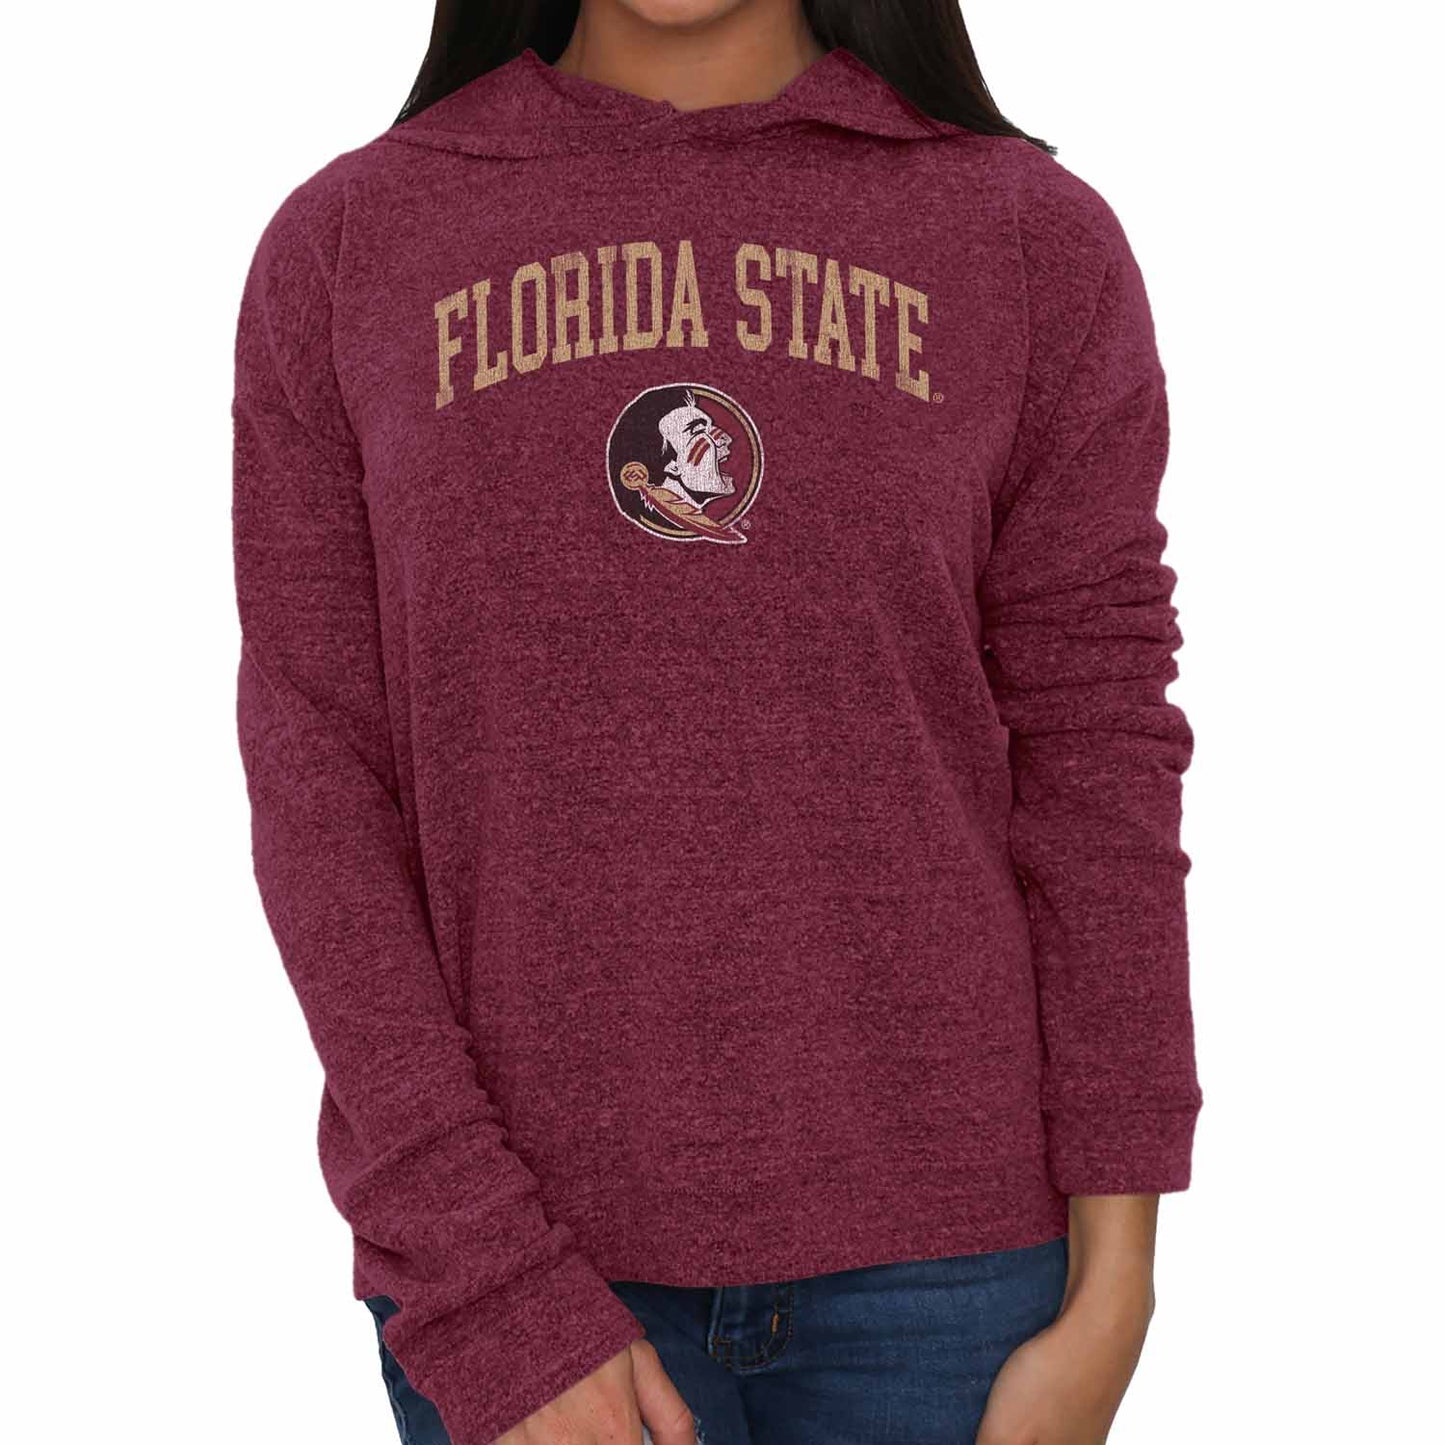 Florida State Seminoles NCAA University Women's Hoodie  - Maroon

* * *

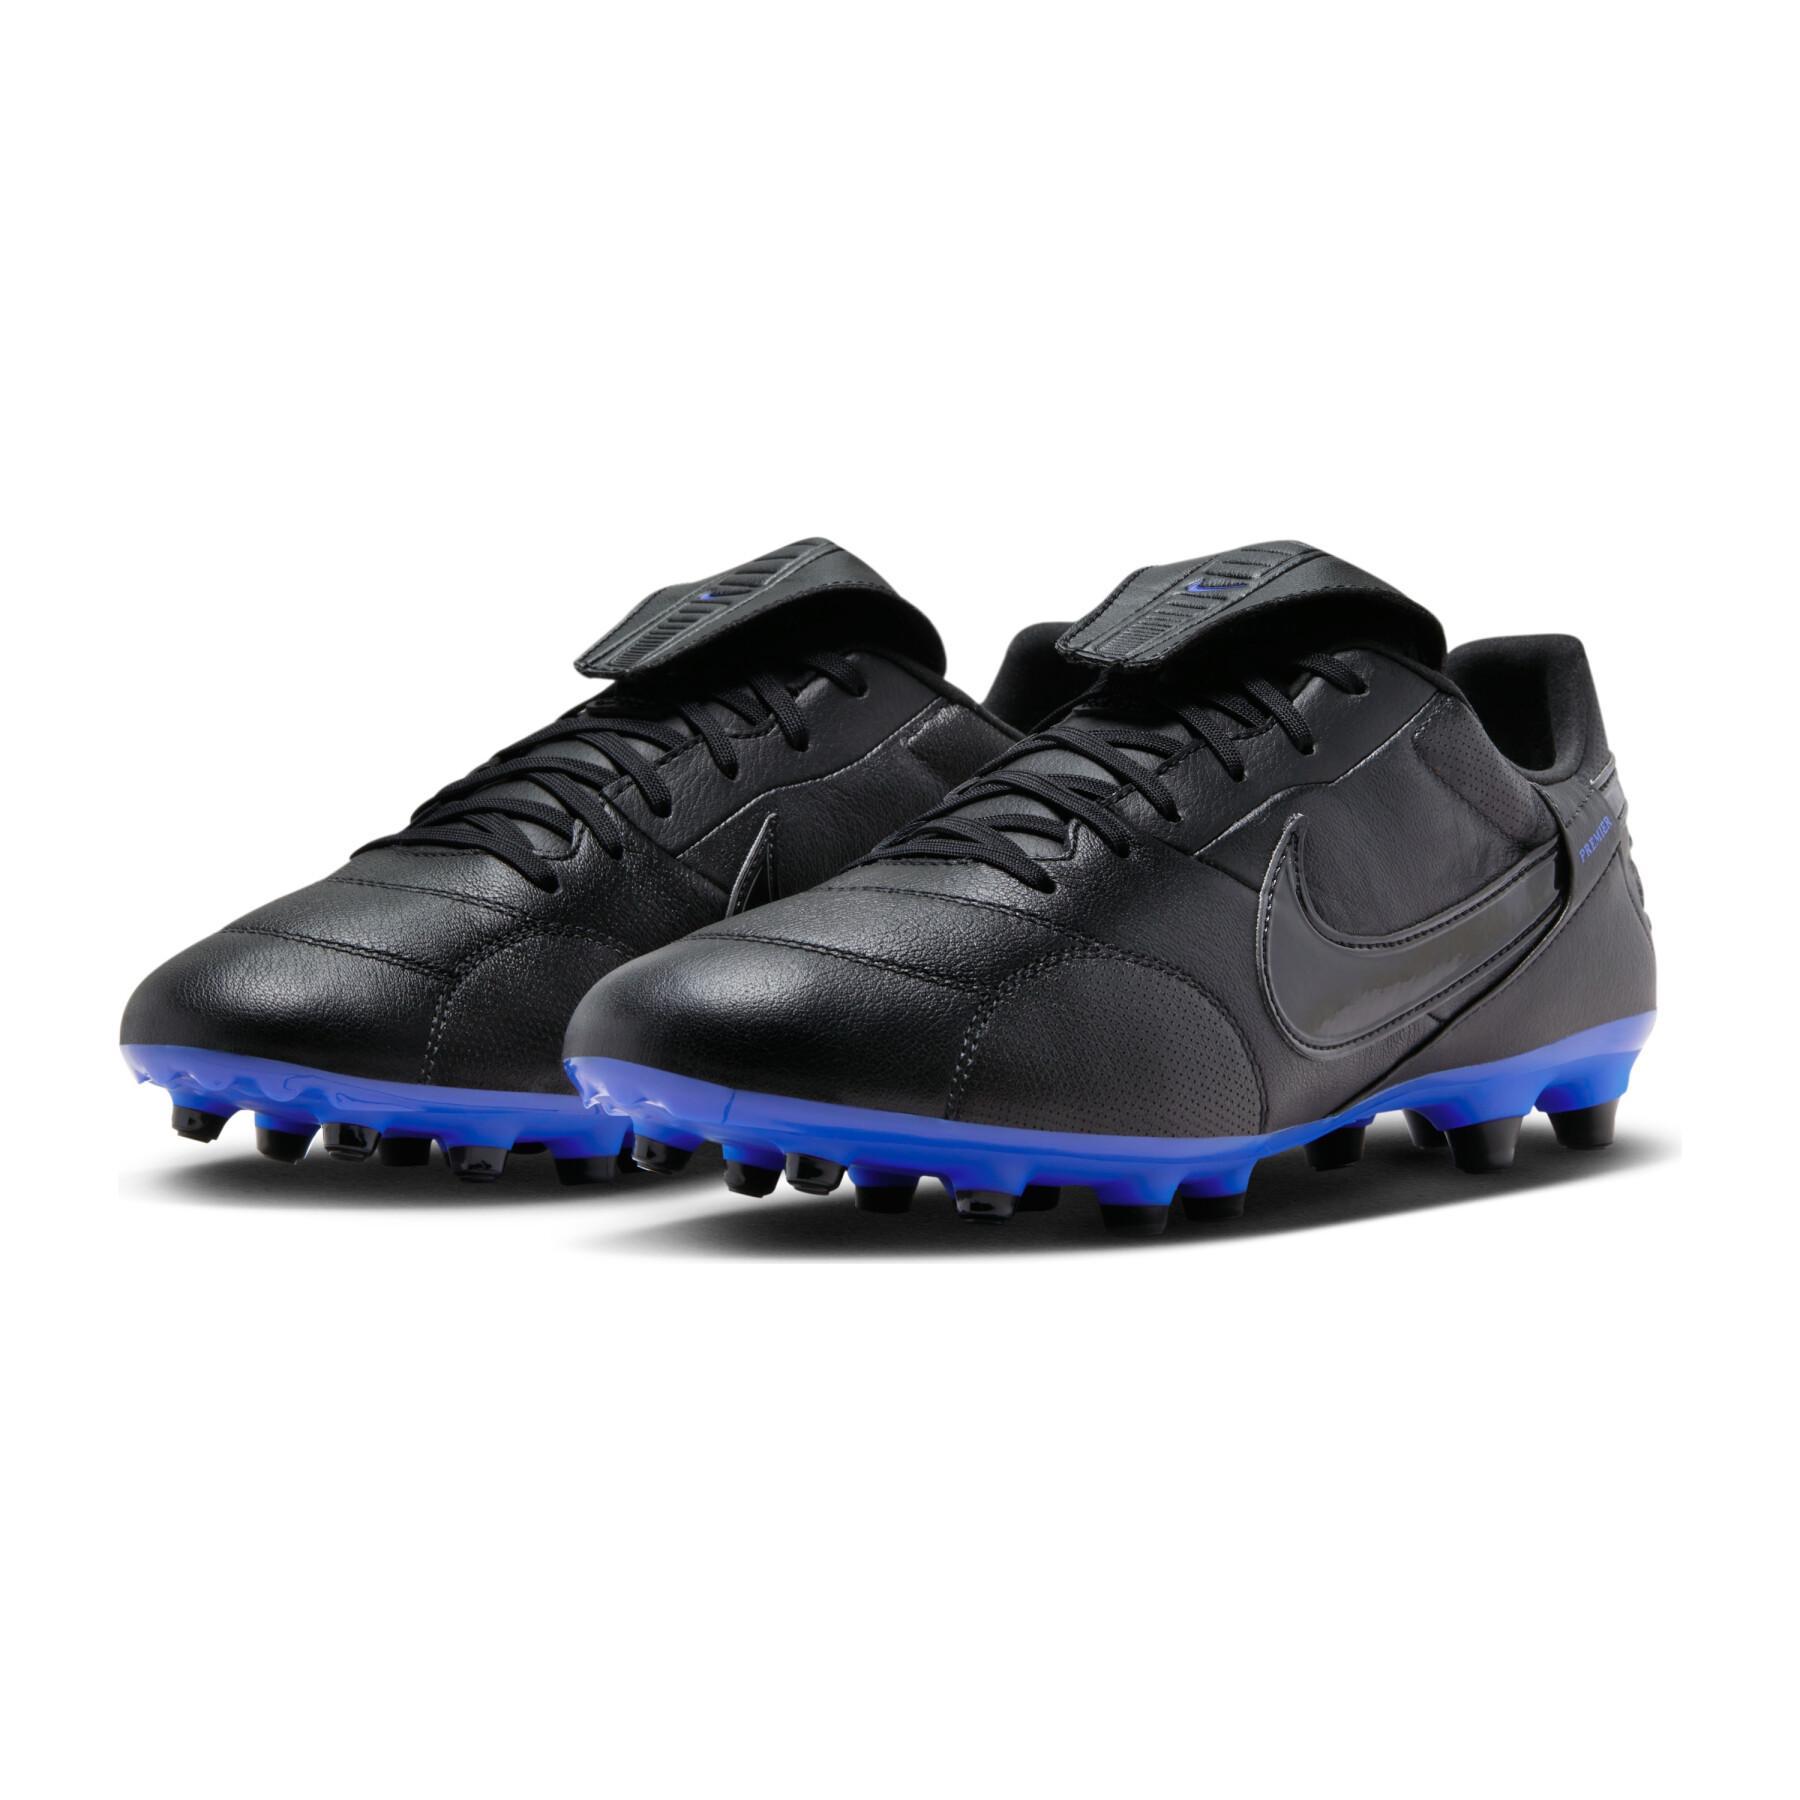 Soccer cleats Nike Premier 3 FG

==

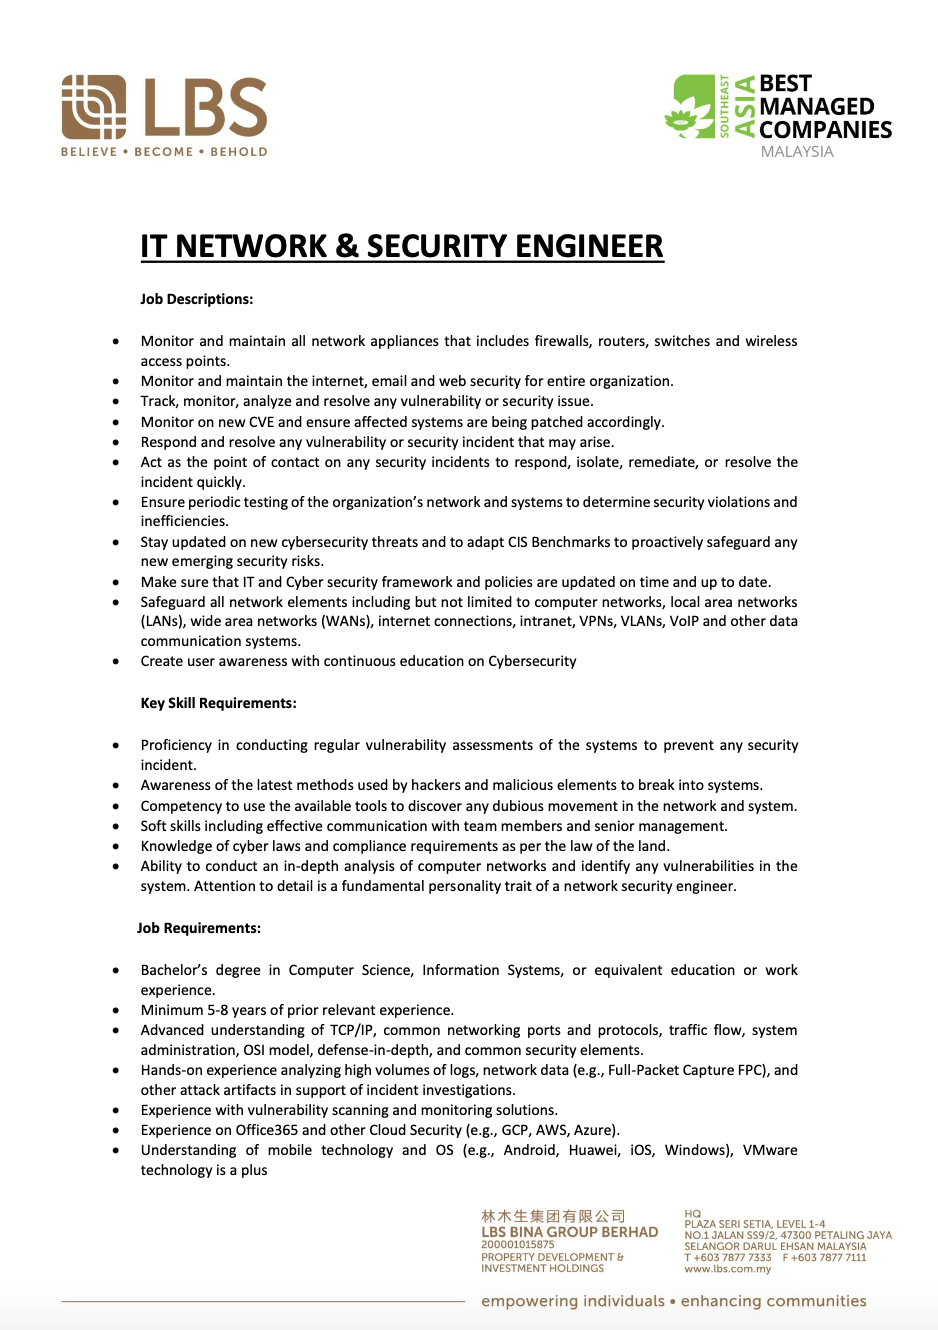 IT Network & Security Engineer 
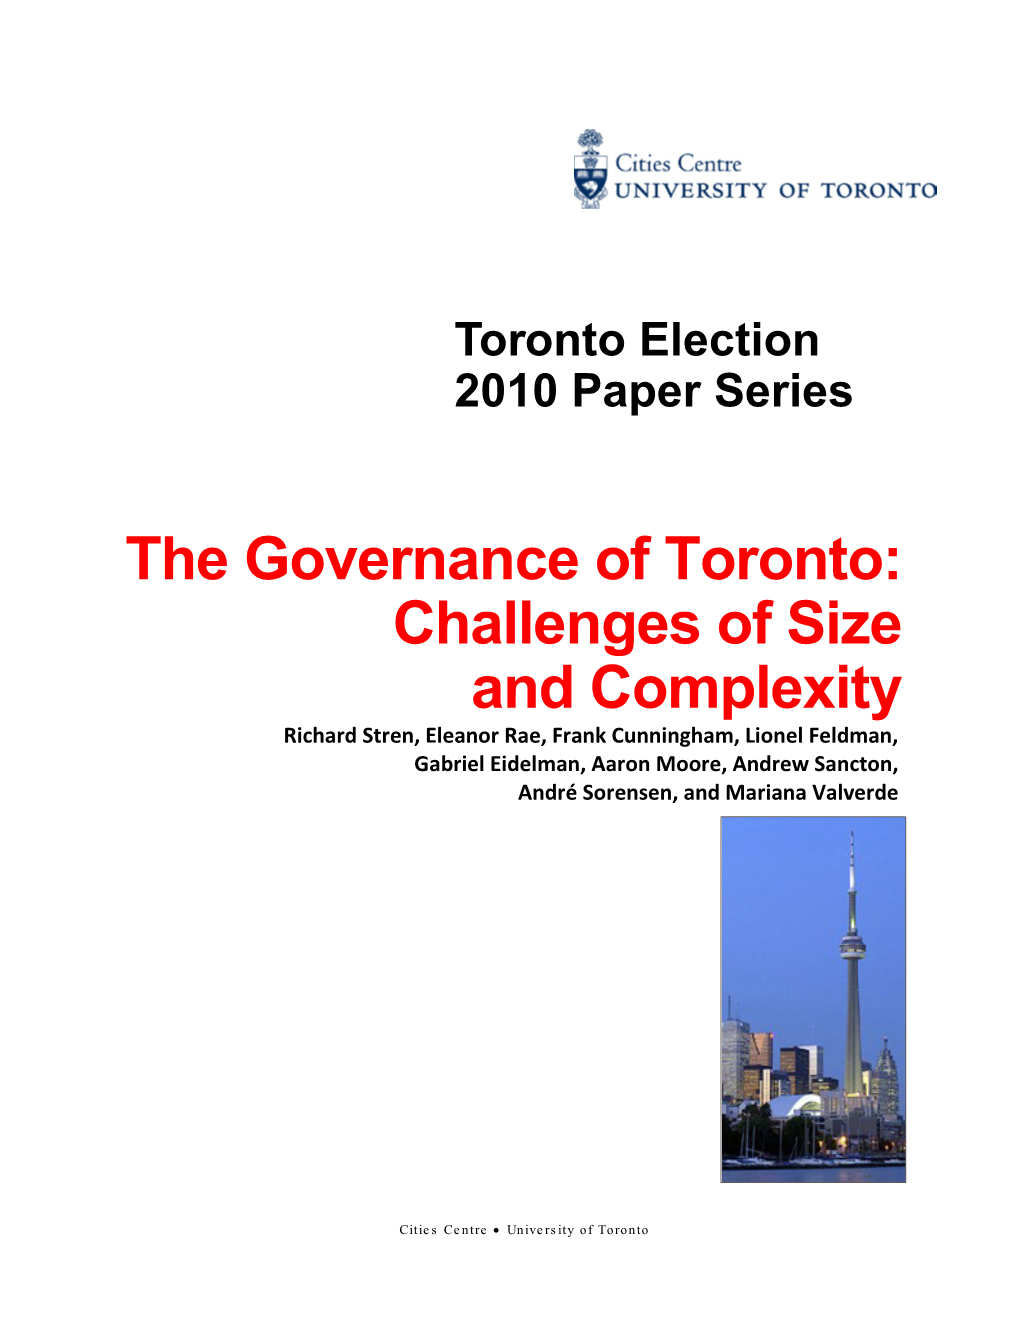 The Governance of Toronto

▸ **Work request**:
Using the data above, give again exactly the lines starting at the one holding "IT Network & Security Engineer" and ending at the one holding "The Governance of Toronto", inclusive, and nothing more. Omit the pictures.

▸ **Exercise solution**:
 IT Network & Security Engineer 
 The Governance of Toronto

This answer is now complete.